What needs to be done | A faithful copy of all the data is the goal; omit the pictures.

Given information |
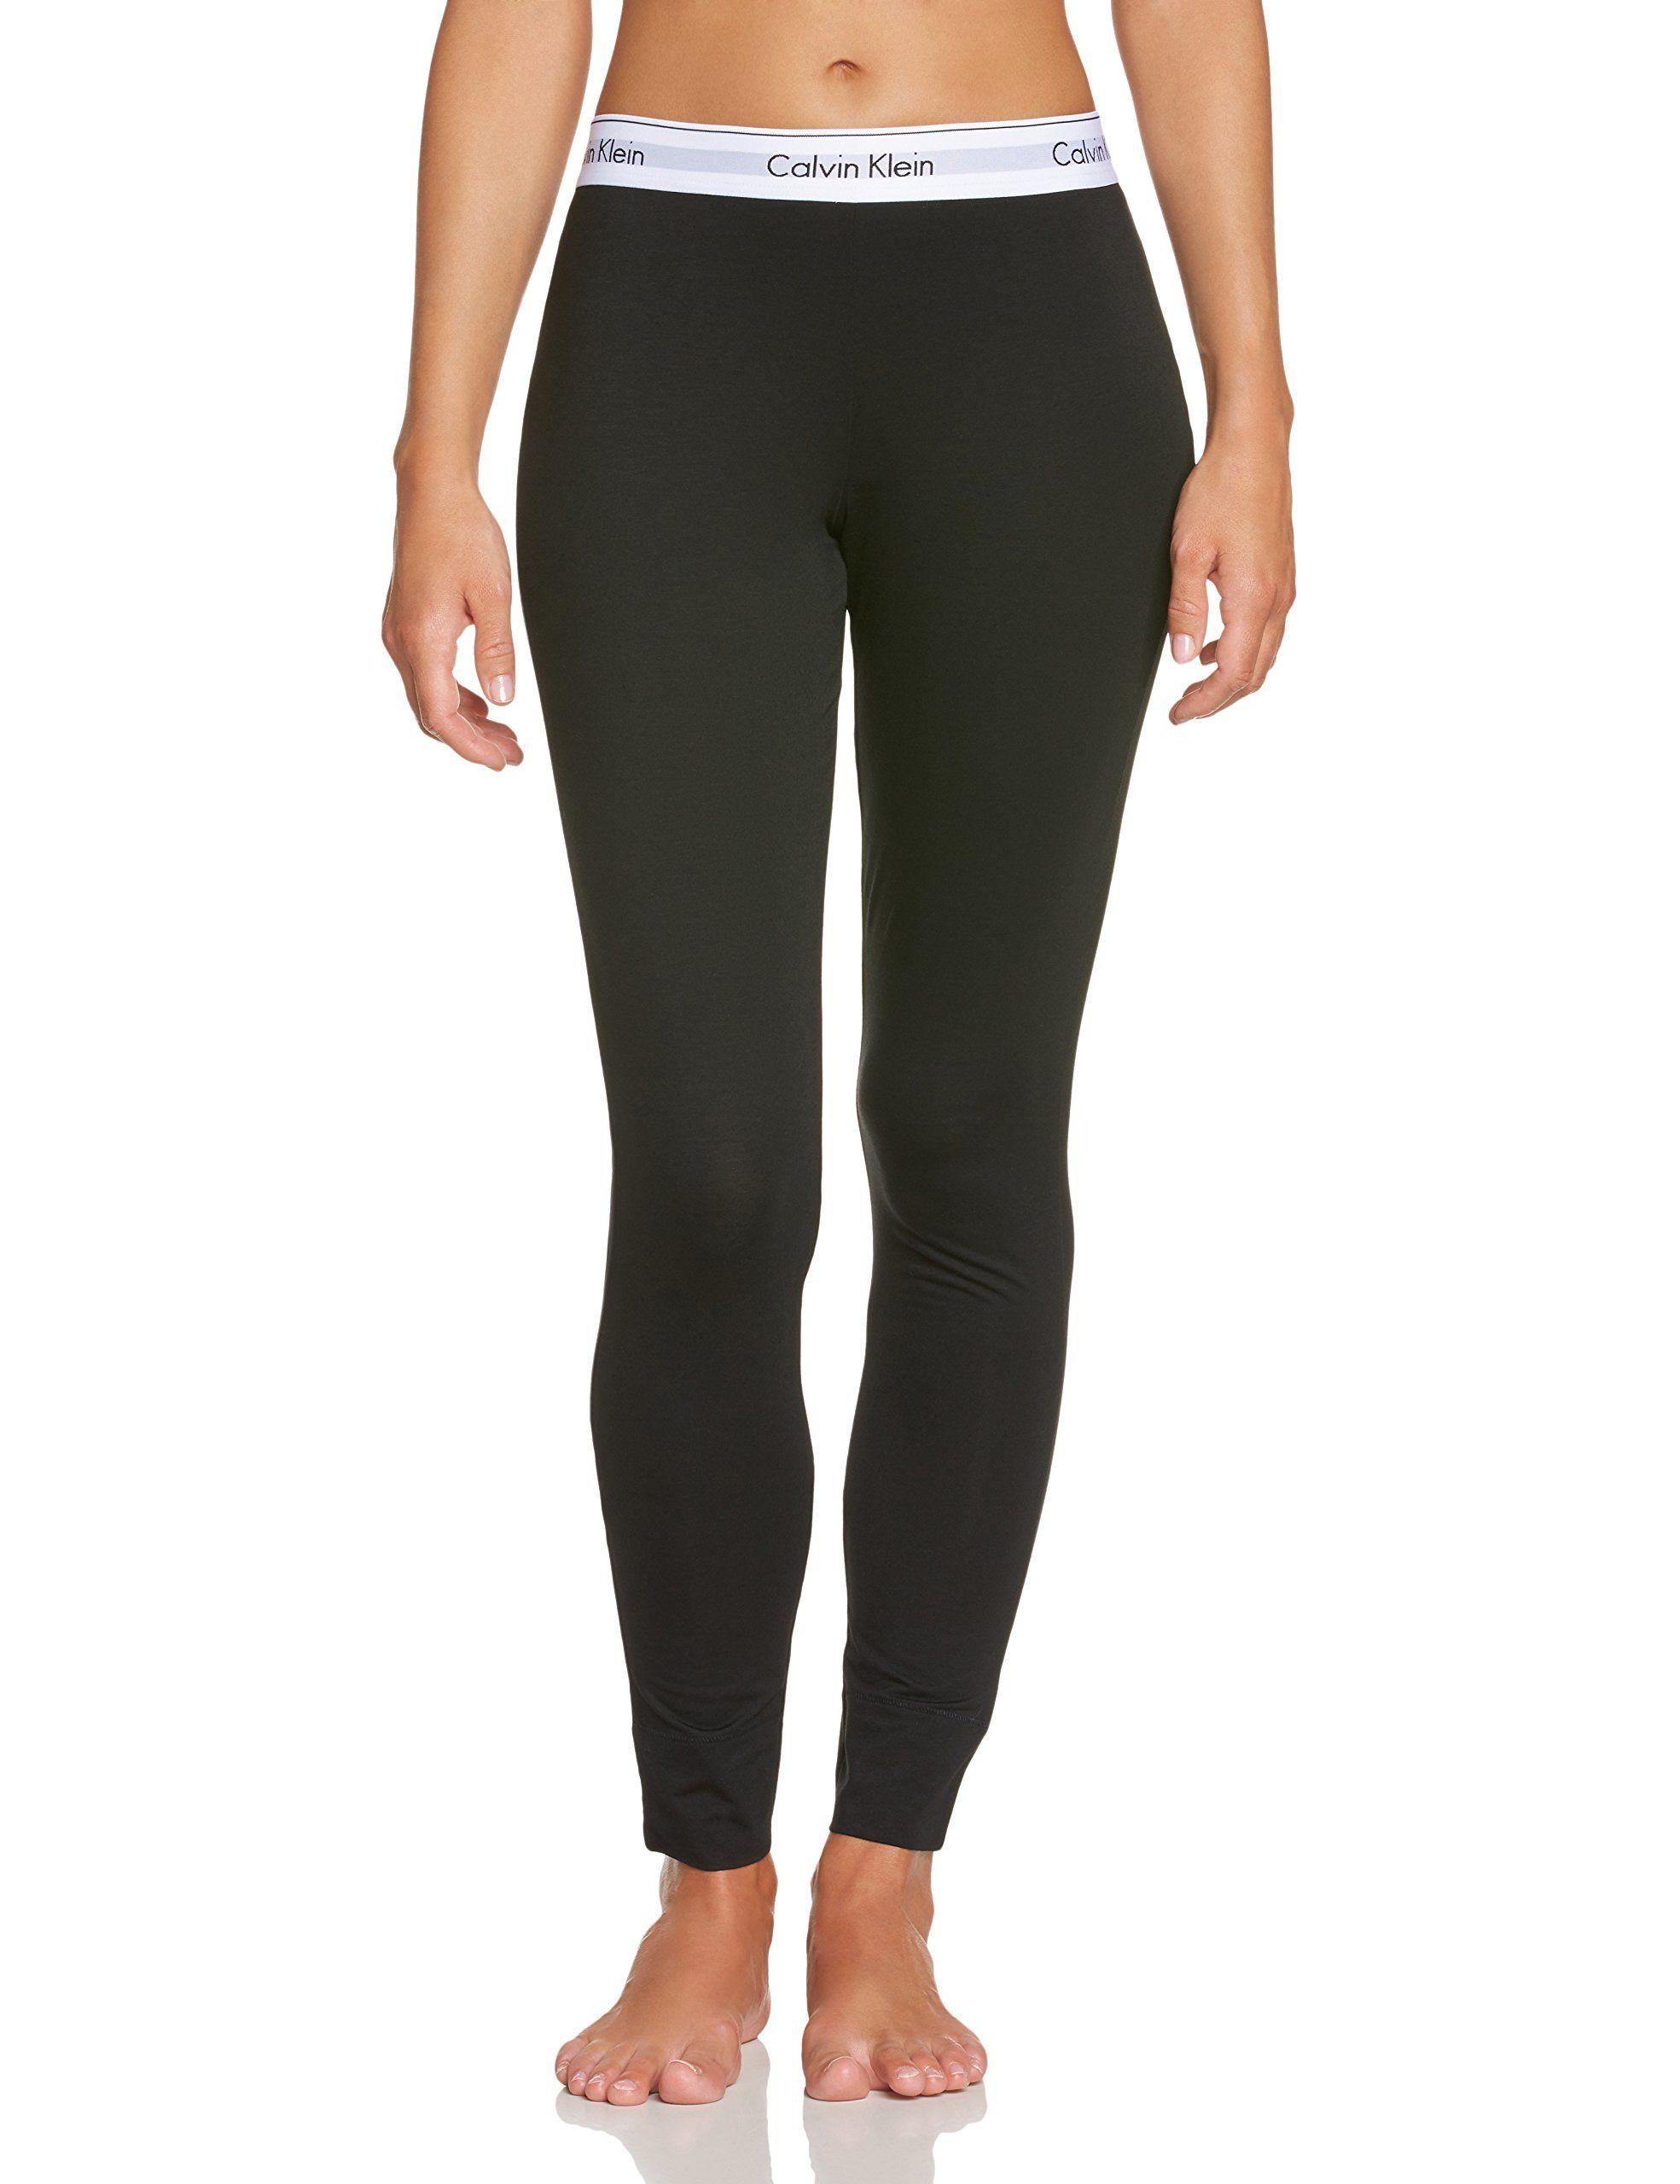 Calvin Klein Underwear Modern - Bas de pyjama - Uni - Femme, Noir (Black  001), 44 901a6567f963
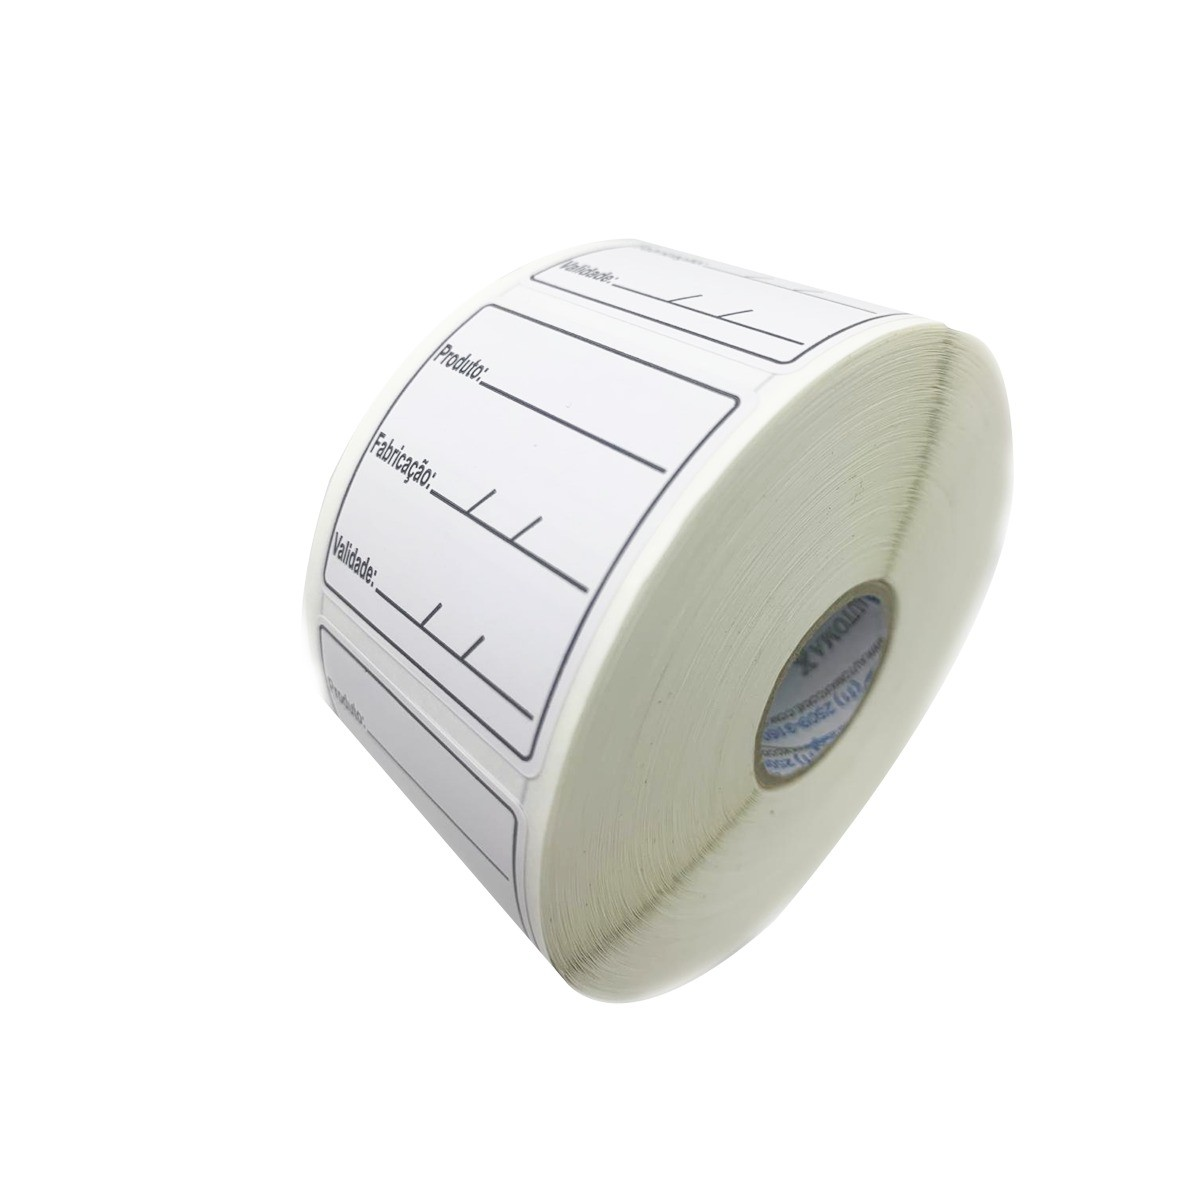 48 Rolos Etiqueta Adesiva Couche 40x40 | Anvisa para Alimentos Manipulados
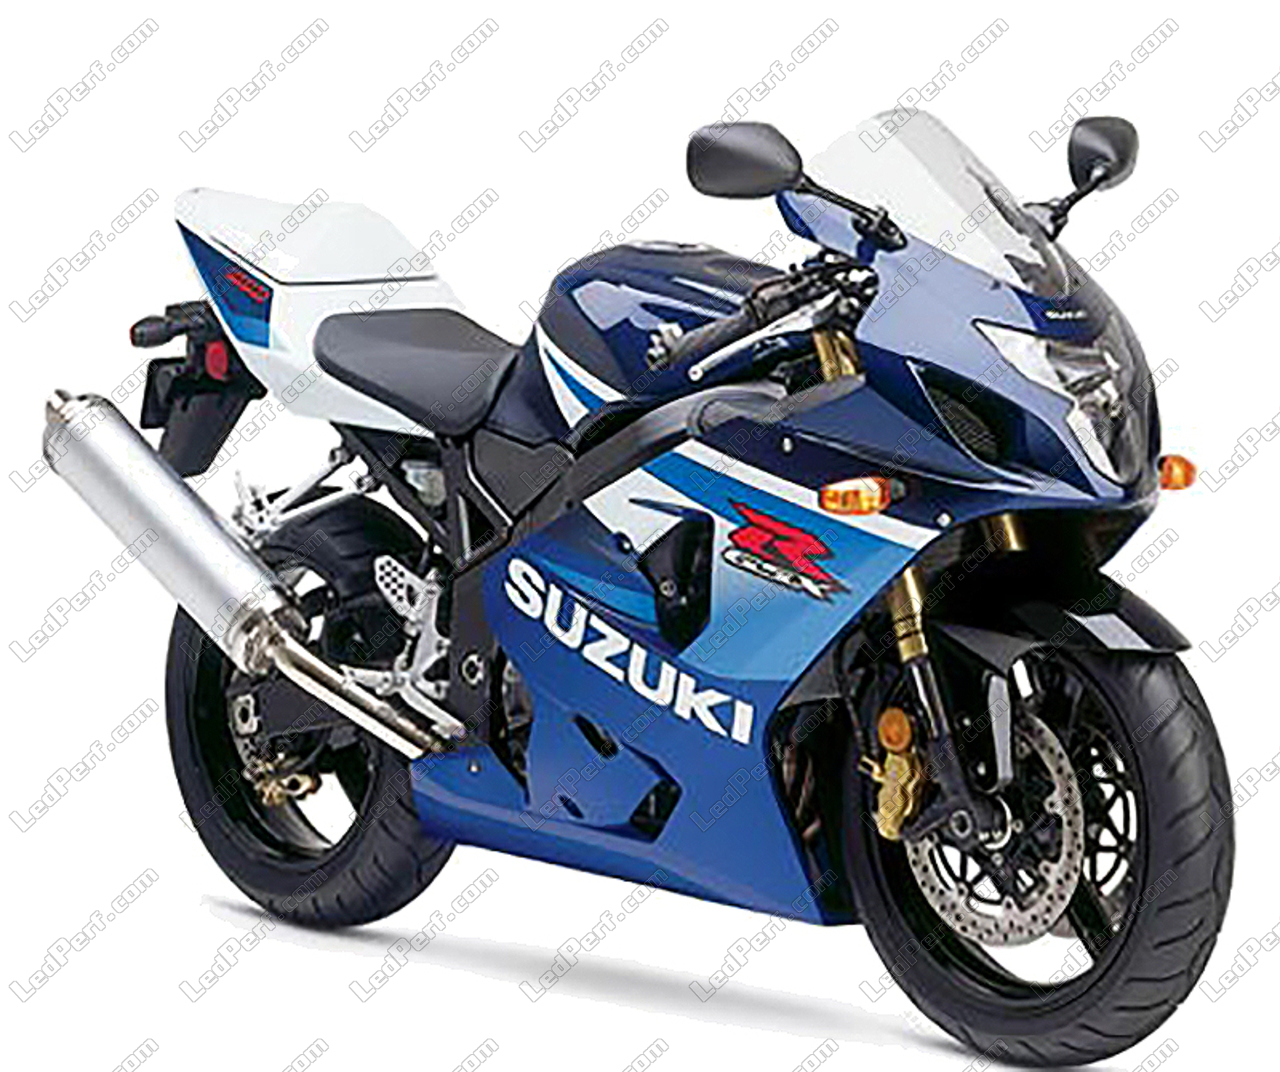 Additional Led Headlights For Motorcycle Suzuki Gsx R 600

Result for this exercise |
 Calvin Klein Underwear Modern - Bas de pyjama - Uni - Femme, Noir (Black  001), 44 901a6567f963
 48 Rolos Etiqueta Adesiva Couche 40x40 | Anvisa para Alimentos Manipulados
 Additional Led Headlights For Motorcycle Suzuki Gsx R 600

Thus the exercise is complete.